Gross’s team has previously shown that probing molecules adsorbed on surfaces with an atomic force microscope (AFM), to the tip of which a carbon monoxide (CO) molecule is attached, can supply images with incredibly high resolution. They have previously used the method to image single molecules undergoing chemical reactions and charge-transfer processes.
To image charged states, the researchers placed the molecules on an insulating surface, for which they used very thin films of sodium chloride deposited on copper. They cooled the system to 5K to suppress motions and vibrations of the molecules, and used a CO-terminated AFM tip to image various organic molecules under ultrahigh vacuum.
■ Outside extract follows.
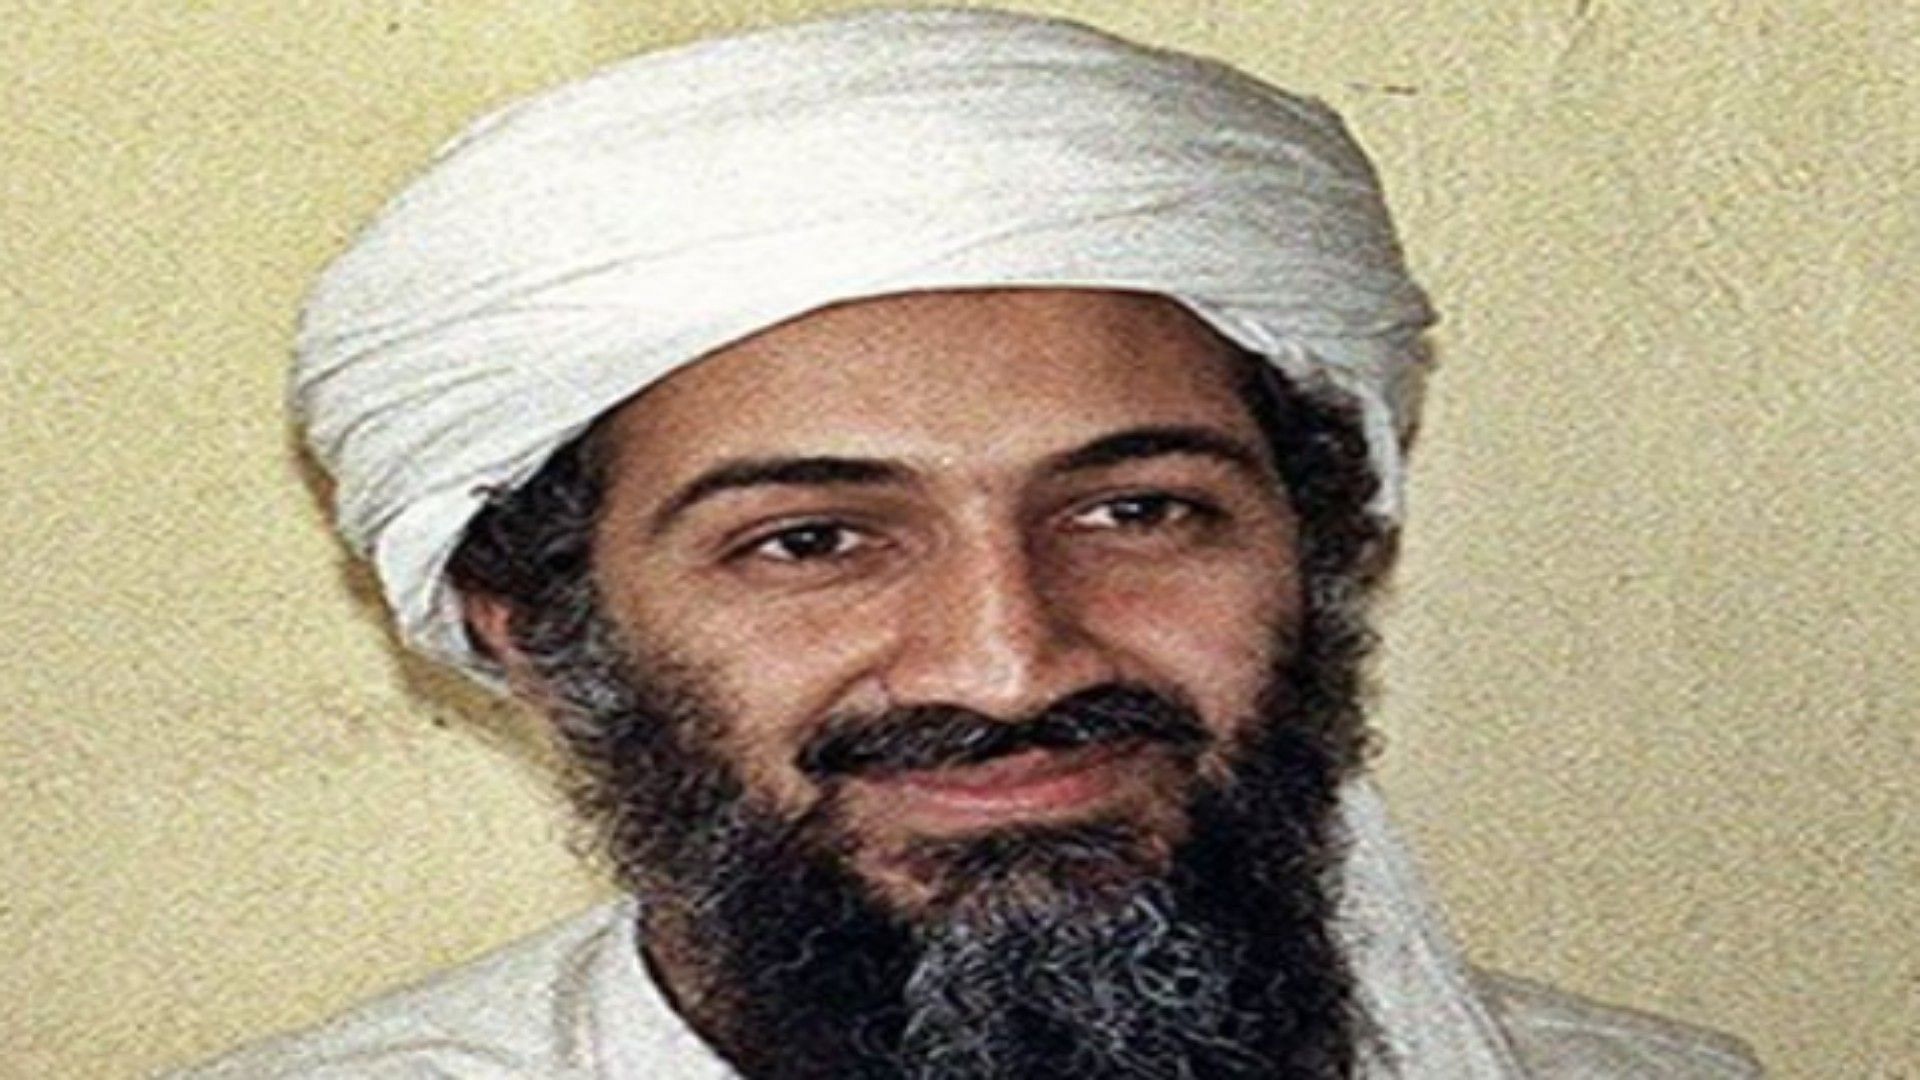 Osama Bin Laden (Image via Farees/X)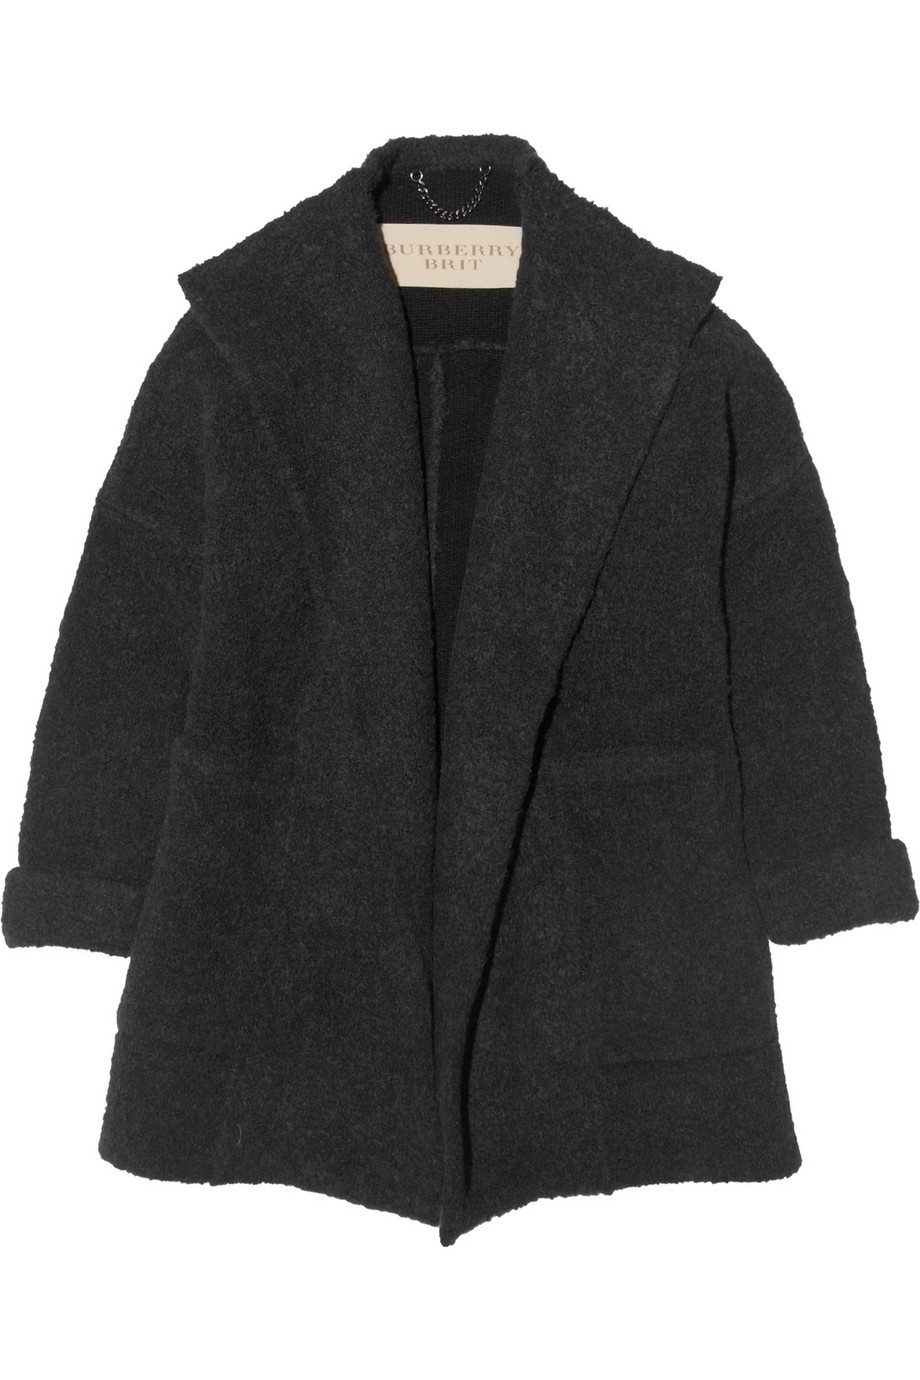 Lyst - Burberry Brit Wool-Blend Jacket in Black

Gross and colleagues could transfer charge one electron at a time to individual molecules by applying a voltage to the tip. They measured how the force on the tip varied with voltage – a method called Kelvin probe force microscopy. Step-like jumps in the force as the voltage was varied indicated a change in charge state.
Among the molecules Gross’s team have charged is azobenzene, an organic molecule commonly used as a photomechanical molecular switch because it can be transformed between cis and trans isomers. They found that in the neutral trans state the two benzene rings at each end of the molecule are tilted out of the plane in the same direction, but adding an electron causes one ring to tilt the other way, introducing a twist. Calculations of the molecular structure using density functional theory (DFT) predict the same behaviour.
The researchers also charged molecules of pentacene: linear chains of five fused benzene rings. They could resolve the slight changes in bond lengths on different rings as a two-electron charge alters the bonding pattern, the various carbon-carbon bonds changing their bond orders – generally somewhere between single or double – in different locations.
In the case of the tetracyanoquinodimethane (TCNQ) molecule, meanwhile – a strong electron acceptor often used in molecular electronics – charging the neutral molecule switched it from a conformation standing up on the surface to one lying flat, as well as altering the bonding within the molecule. This switch in orientation as a function of charge state hasn’t been seen before, and Gross says the effect ‘could be useful as a molecular switch in a device based on single-electron hopping’.
By charging a porphyrin ring – the key molecular group in chlorophyll, where light absorption causes charge transfer – the IBM team saw changes in bonding due to conjugation effects, which again agreed with DFT calculations. Such agreement is reassuring, but it doesn’t make the experiments redundant. DFT relies on various assumptions and approximations, and so although ‘often it is correct, we cannot rely on it’, says Gross. IBM team member Nikolaj Moll, a specialist on such calculations, says that ‘comparison of experiments with DFT results can help find the theory’s limitations and improve it’.
The ability to analyse bond order in these experiments on charged molecules is impressive, says Yoshiaki Sugimoto of the University of Tokyo in Japan, a specialist in molecular imaging. ‘The combination of charge-state control and sub-molecular resolution imaging opens the way for precise characterisation of charged molecules,’ he says.
Gross says that the technique could also help in synthesising new molecules and molecular devices by atom manipulation. His team has used the AFM method previously to make a molecule that is hard to synthesise by traditional means, and recently they demonstrated that, by creating multiply-charged states of molecules, they could form and break bonds.2 ‘Identifying radical sites like those of pentacene, and resolving structural changes on charging, will help us to better understand and predict such novel synthesis routes,’ he says.